- [Your task] Begin at the line containing "ProjectionDesign 400-0400-00 Compatible" in the records below, end at the line containing "Manufactured by South", and retype each line in that span exactly. No other line and no image should appear.

- [Excerpted data]
□ □ □ □

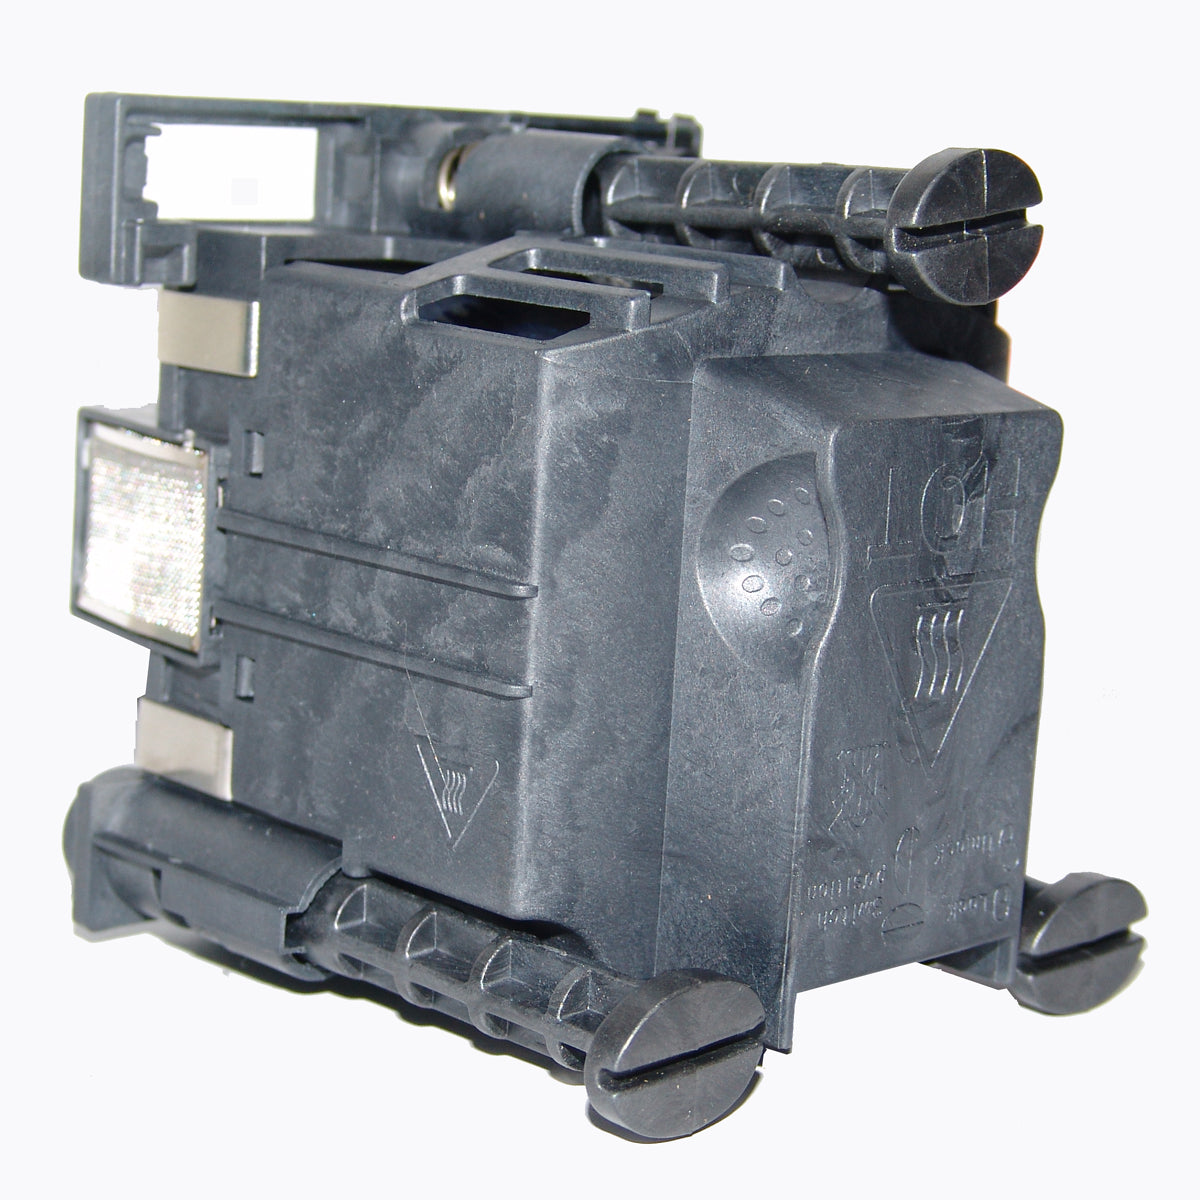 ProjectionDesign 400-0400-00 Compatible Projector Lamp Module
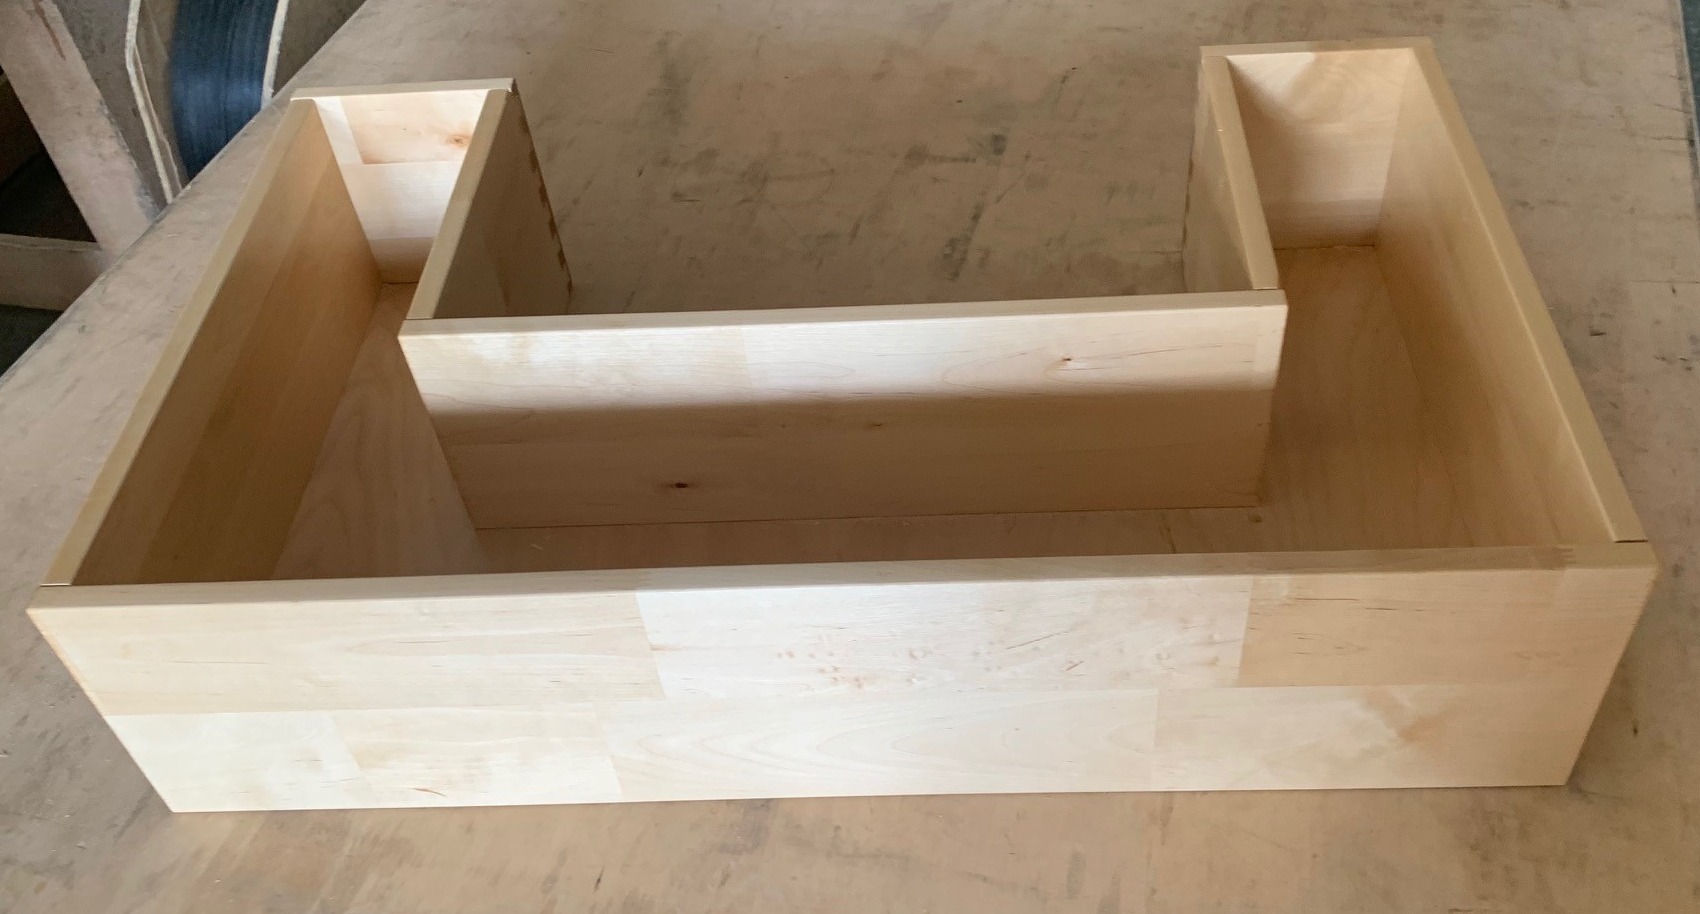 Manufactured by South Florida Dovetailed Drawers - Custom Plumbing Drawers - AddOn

□ □ □ □

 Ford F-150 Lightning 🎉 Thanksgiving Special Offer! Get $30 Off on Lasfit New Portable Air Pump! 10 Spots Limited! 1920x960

□ □ □ □

- [Response to this task]
 ProjectionDesign 400-0400-00 Compatible Projector Lamp Module
 Manufactured by South Florida Dovetailed Drawers - Custom Plumbing Drawers - AddOn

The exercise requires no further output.